§ Your instructions
The whole listing is to be restated word for word with no images.

§ Information shown
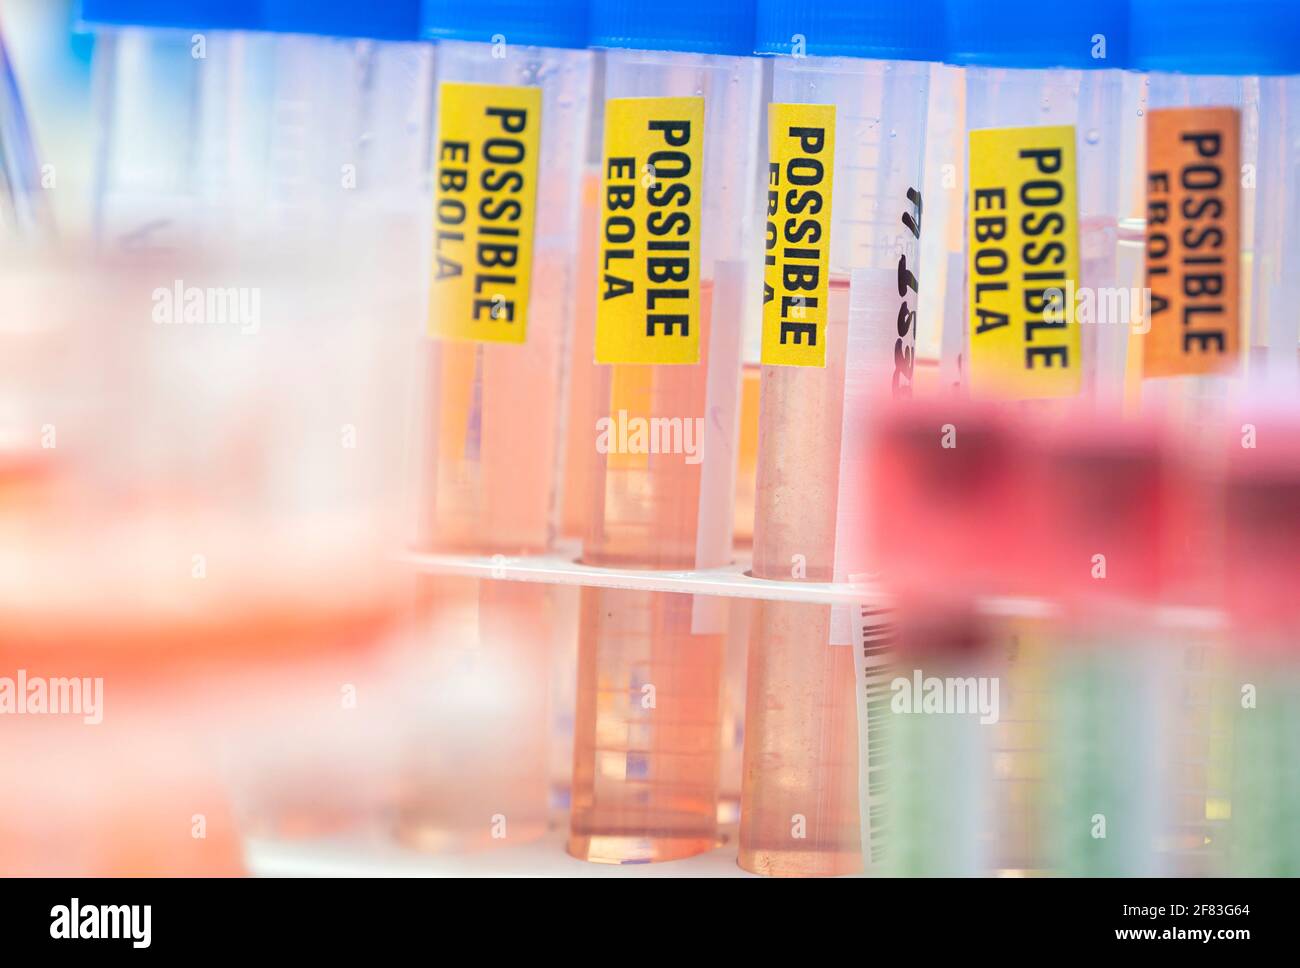 Probenfläschchen mit Blut von möglichen Ebola-Patienten, die mit dem neuen Zaire-Stamm von Ebola infiziert sind, Konzeptbild Stockfoto
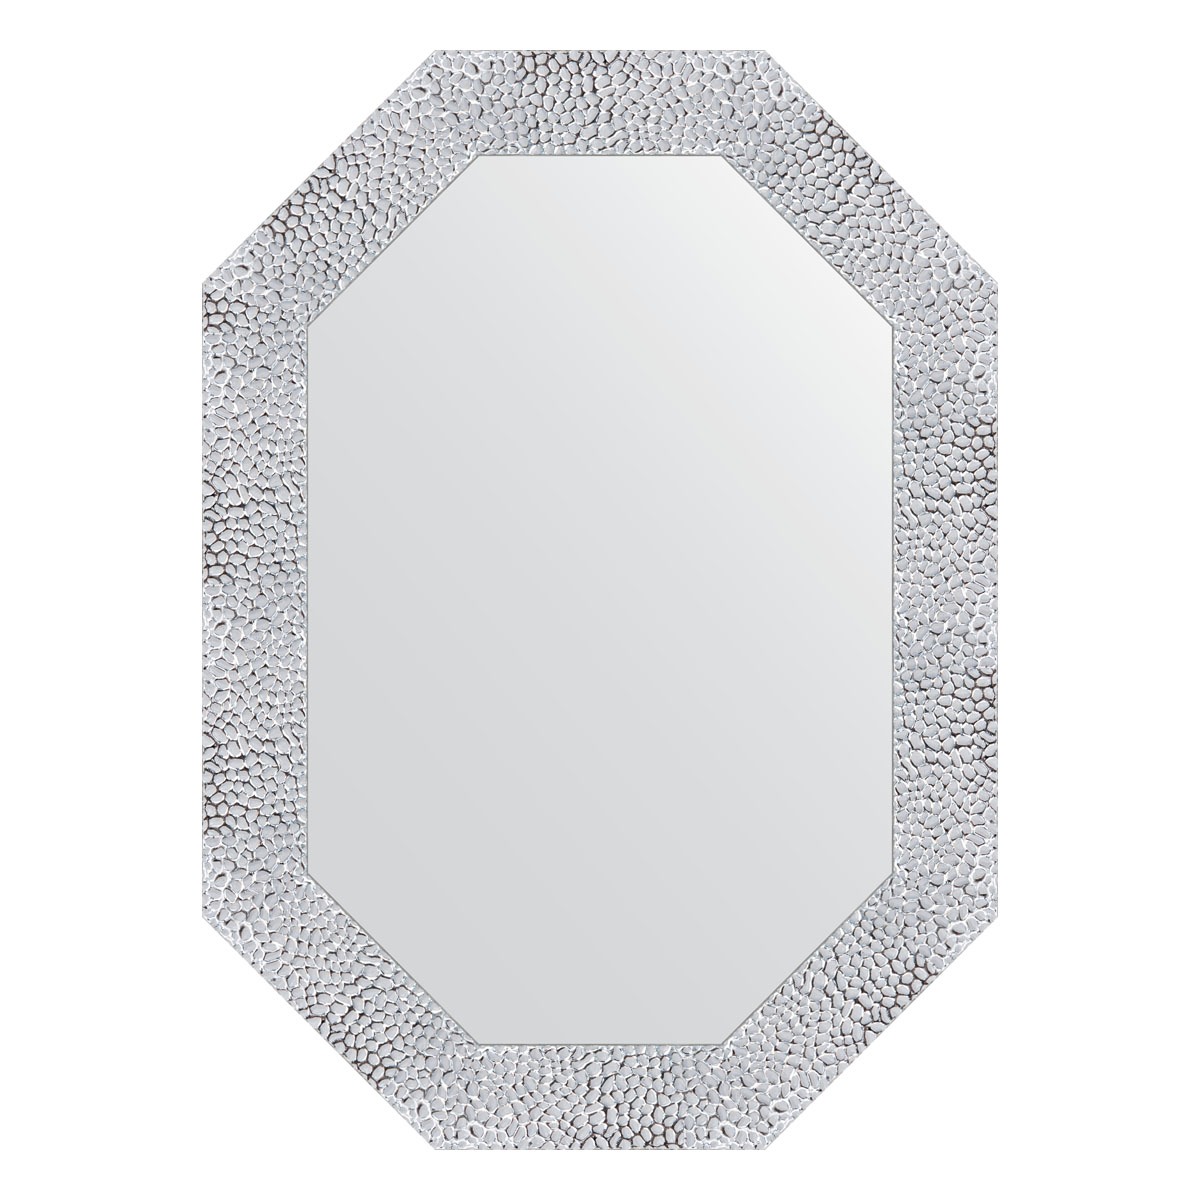 Зеркало в багетной раме Evoform чеканка белая 70 мм 52x72 см зеркало напольное в багетной раме чеканка белая 70 мм 108 x 197 см evoform
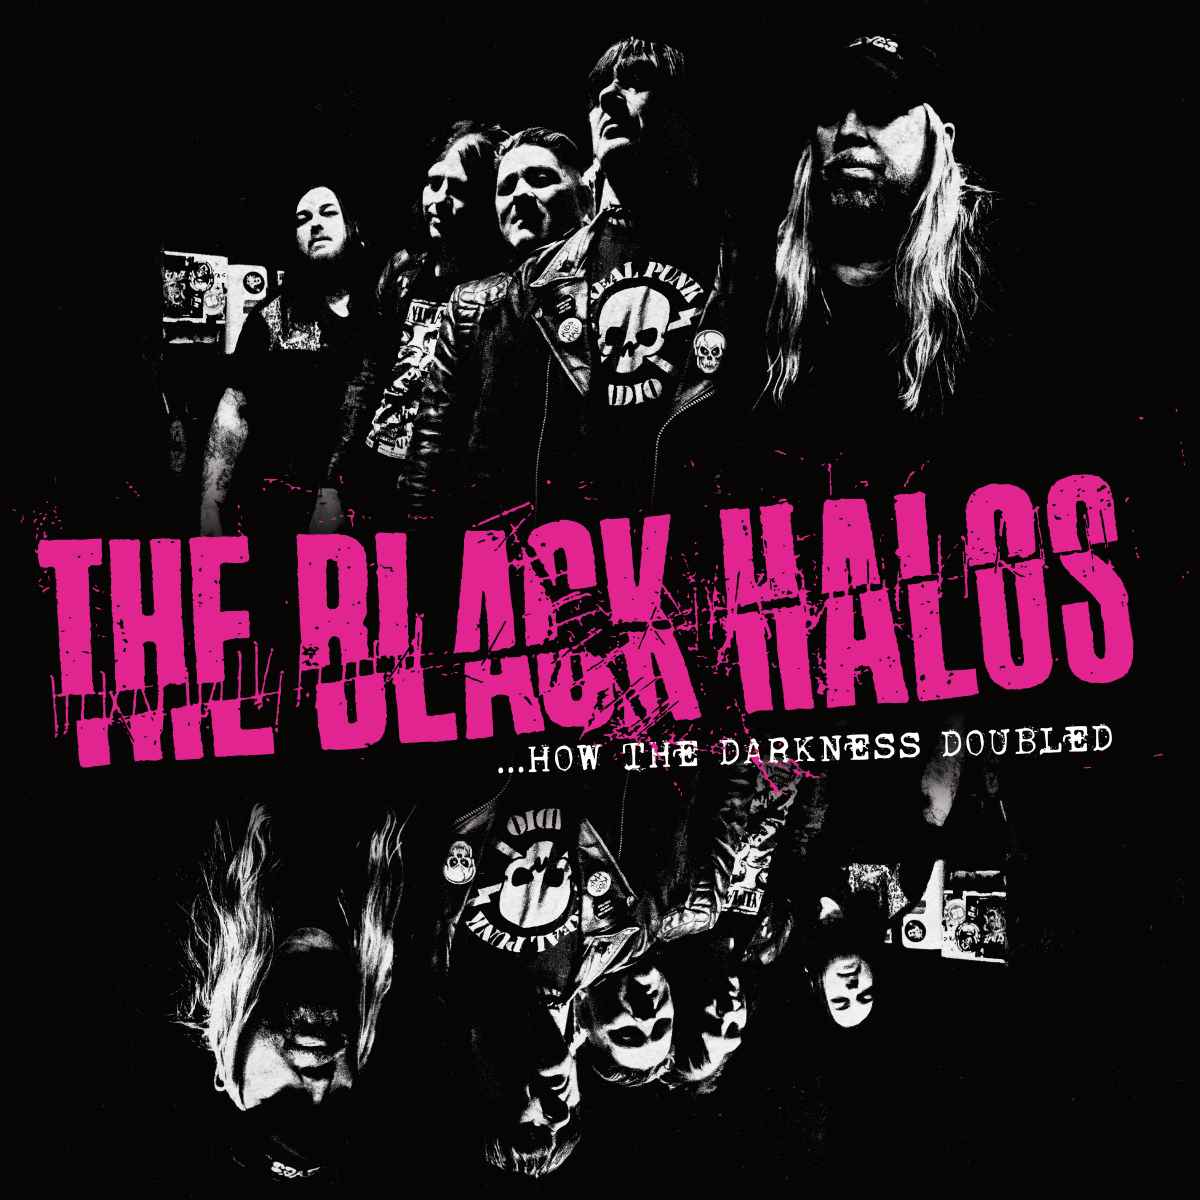 Tornano i Black Halos con un nuovo album
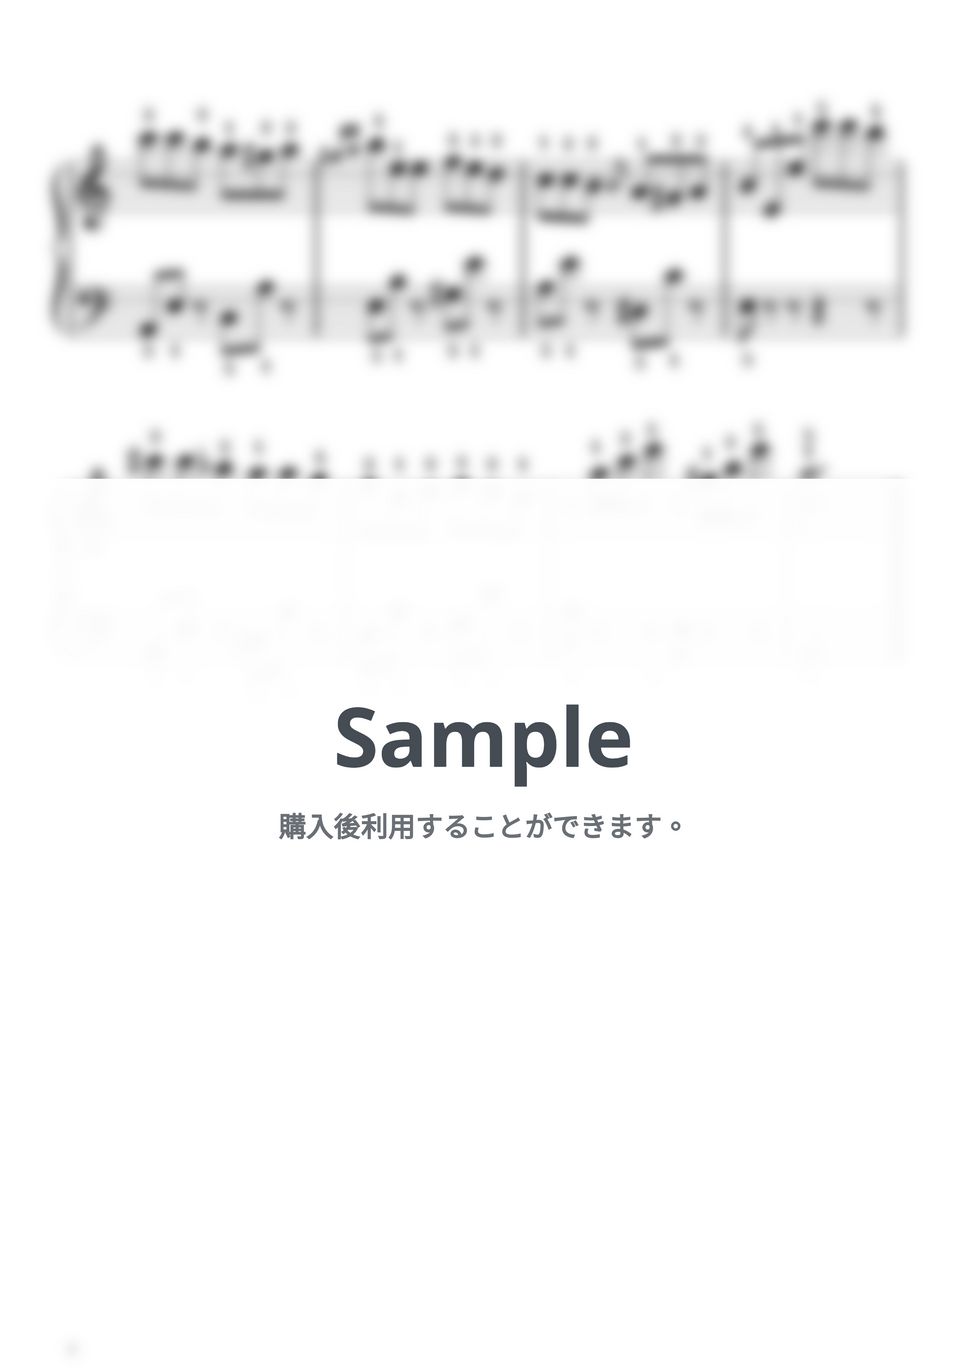 フランツ・リスト - 【初級】ラ・カンパネラ(鐘) (フランツ・リスト) by ピアノのせんせいの楽譜集

§ Answer space
 Probenfläschchen mit Blut von möglichen Ebola-Patienten, die mit dem neuen Zaire-Stamm von Ebola infiziert sind, Konzeptbild Stockfoto
 Зеркало в багетной раме Evoform чеканка белая 70 мм 52x72 см зеркало напольное в багетной раме чеканка белая 70 мм 108 x 197 см evoform
 Tornano i Black Halos con un nuovo album
 フランツ・リスト - 【初級】ラ・カンパネラ(鐘) (フランツ・リスト) by ピアノのせんせいの楽譜集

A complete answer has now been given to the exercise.